19 September 2019

Born early, Noah had already managed to survive Twin to Twin Transfusion Syndrome (TTTS) and spent the lead up to Christmas battling to stay alive in Intensive Care.

Noah was conceived via IVF, from the only embryo good enough to implant, then that embryo split into two and Noah’s mum, Kim, and her husband were delighted to be having two miracle babies after years of trying to start a family.

However, at 17 weeks, came the discovery that the twins had TTTS, where one twin transfuses blood to the other whilst in the womb.  A week later Noah’s mum had laser surgery and she told us that, “An hour afterwards, I was scanned and they found two heartbeats. We were so happy and felt so lucky!”

“During a scan the next day the consultant took a long time and I knew something was wrong. He told me my smaller twin had passed away and my bigger twin was showing signs of heart failure. I was distraught and in agony. We also found out we were having boys. I had to continue to carry both babies as I couldn’t risk anything happening to our surviving twin.”

“It turned out our survivor wasn’t suffering heart failure and continued to grow. But lots of things continued to go wrong. At 24 weeks my waters broke early and later in the week my placenta started to come away and a clot formed close to the opening of my cervix.”

At just 28 weeks and 5 days the boys were born. Noah arriving first, weighing 2lb 4oz and his little brother Isaac arriving afterwards weighing just 1oz.

“Noah was taken to intensive care and Isaac was taken to the morgue. The pain I felt was both emotional and physical. I wouldn’t be able to cope if I lost Noah too. I was utterly broken.”

The pain I felt was both emotional and physical. I wouldn’t be able to cope if I lost Noah too. I was utterly broken.

 “Later, we went to see Noah. I will never forget the first time I was wheeled into that unit. The noises will always be with me. My baby boy looked like a plastic doll. I tried not to love him to protect myself but it was impossible. I was paralysed with fear I would lose him too and broke down every day next to his incubator”.

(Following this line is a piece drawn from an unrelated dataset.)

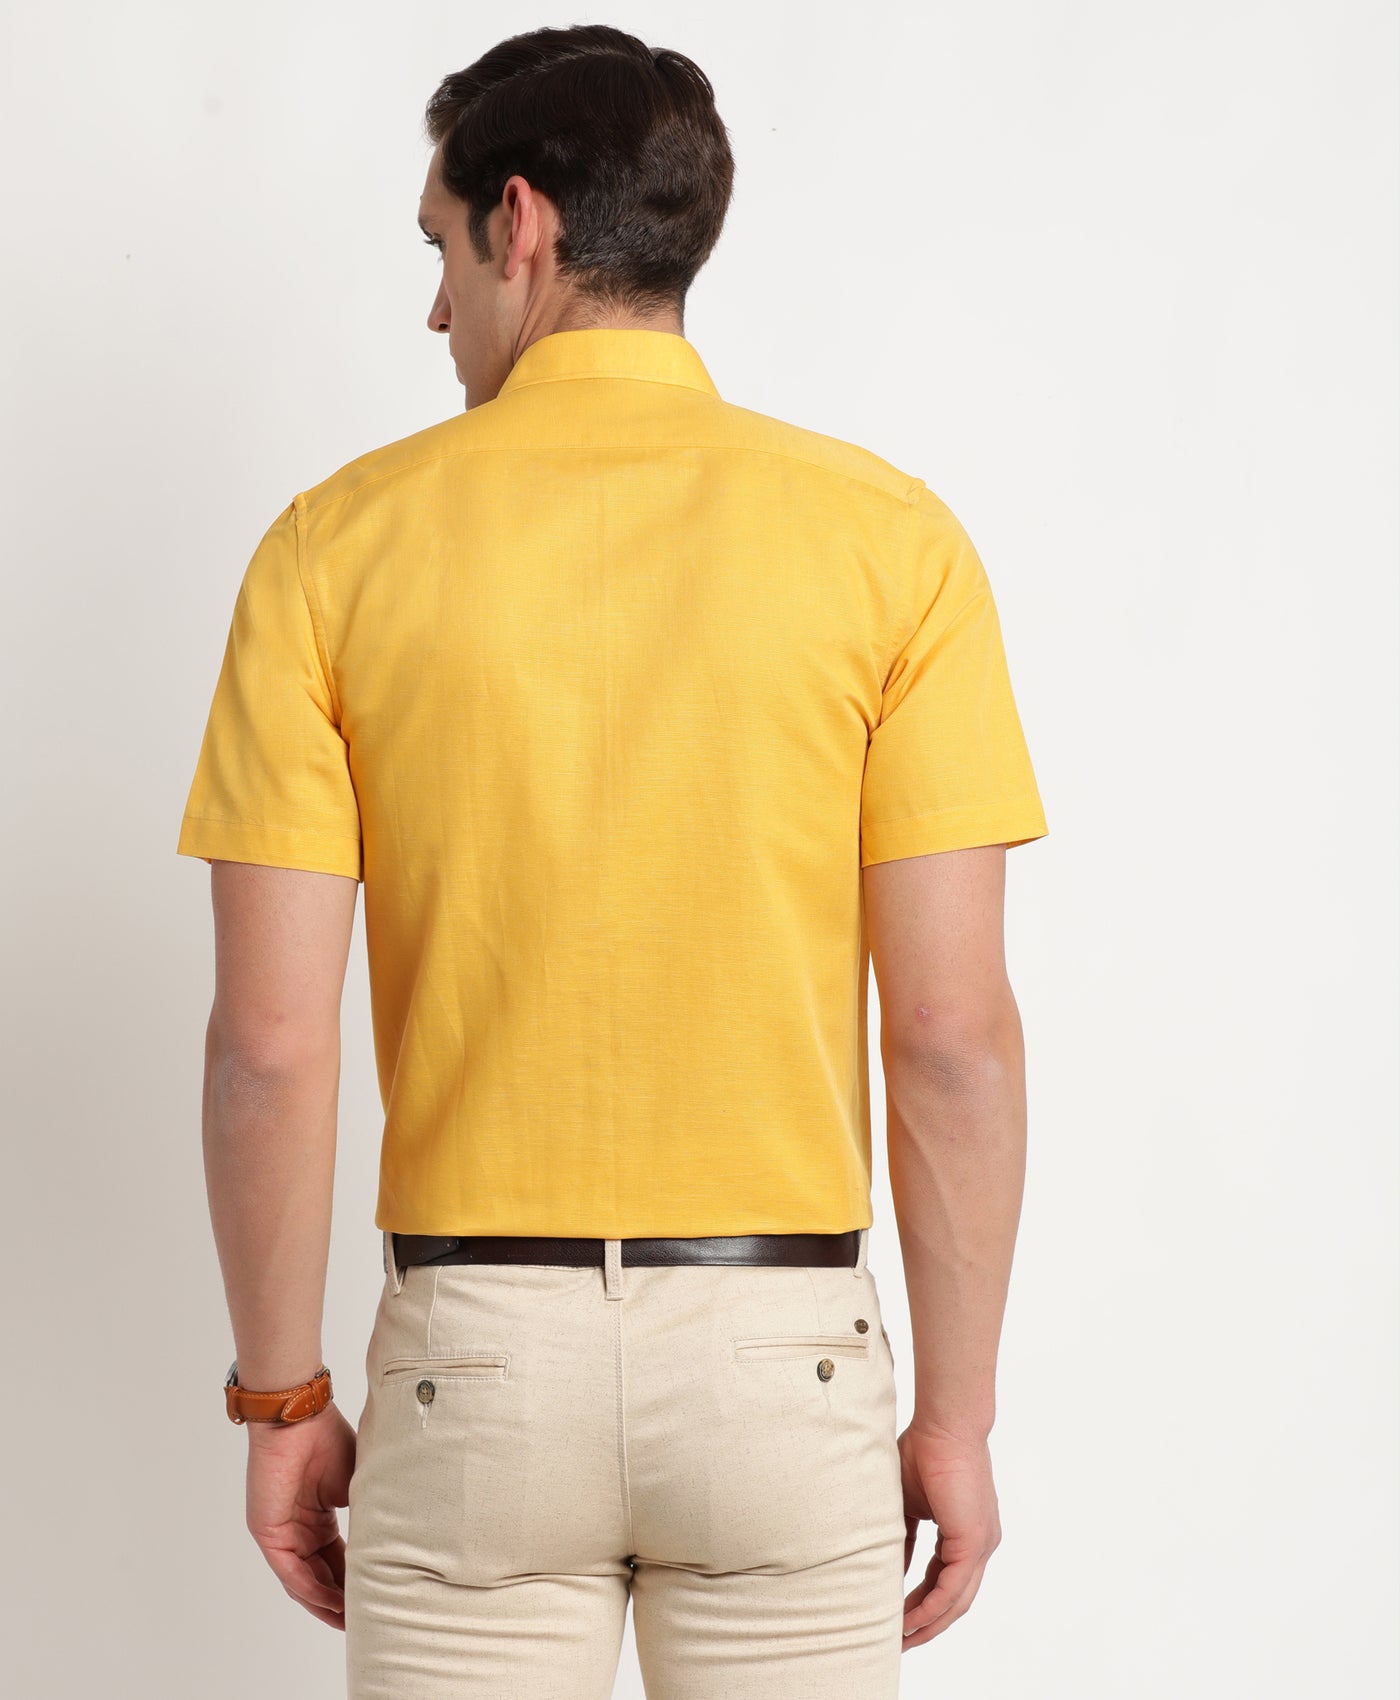 Cotton Linen Yellow Plain Regular Fit Half Sleeve Formal Shirt
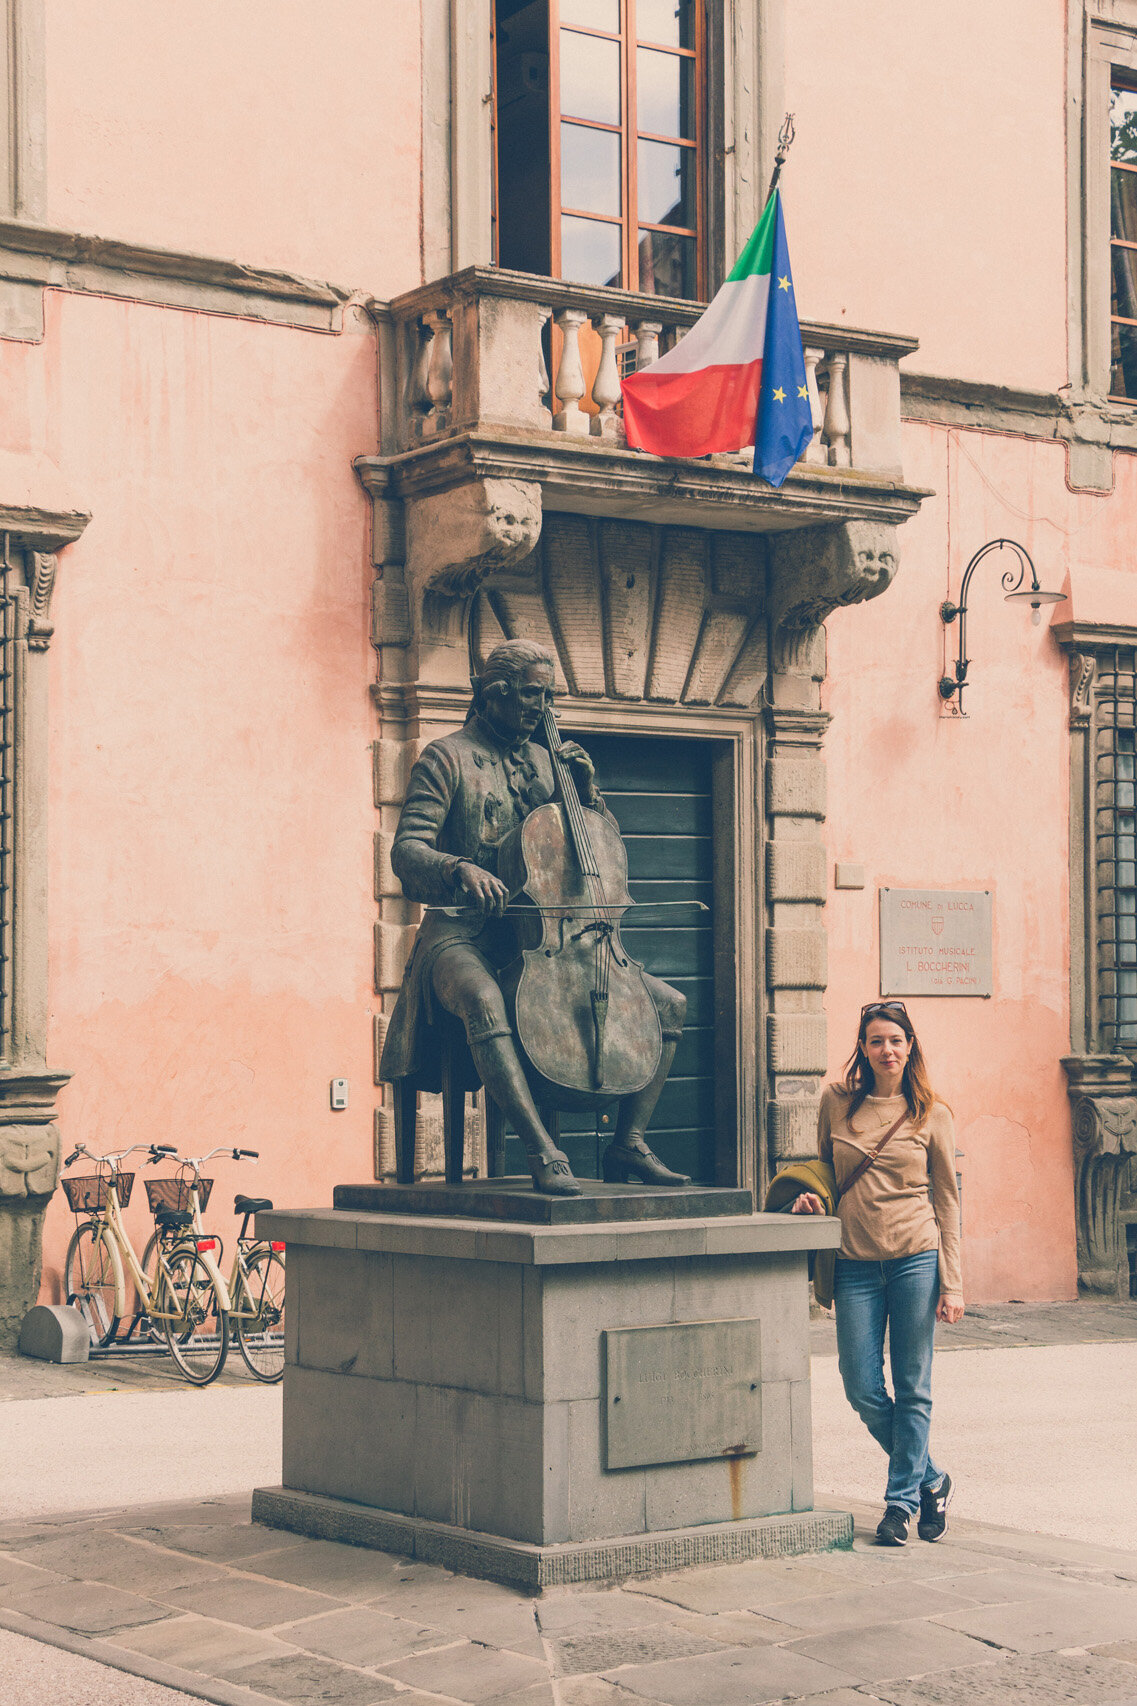 Luigi Boccherini statue, Lucca

Noah struggled through for ten long weeks of extreme ups and downs, attached to wires and breathing equipment. He endured three blood transfusions and three treatments for sepsis, with so many backward steps in between.

But, at last, Noah came home on oxygen in time for Christmas!

Noah’s family were thrilled to have him home in time for Christmas. But it was bittersweet for them. Noah’s Mum told us, “We held a funeral service for Isaac. He had to be recognised - maybe not legally but he is just as much our little boy as Noah is. They were identical and I'm wracked with guilt every day that Noah doesn't have his brother.”

Sadly there are many more families like Noah’s. Twin pregnancies are still more than one and a half times more likely to end in a stillbirth and more than three times more likely to end with a neonatal death than singleton babies. So while you are reading this, other families will be grieving for a lost baby or babies, and preemies, like Noah, will be fighting to survive in intensive care.

I was pleased to raise £880 to help pay for research in the hope of helping other families, to spare them the pain we went through.

Medical Research is the key to preventing prematurity, discovering better treatments for conditions such as TTTS and saving babies lives.  Noah’s mum told us that “I felt so strongly about the research being funded by Twins Trust, I ran the Cardiff Half Marathon to help fund it. I was pleased to raise £880 to help pay for research in the hope of helping other families, to spare them the pain we went through. We want all babies to make it home for Christmas”

We want all babies to make it home for Christmas.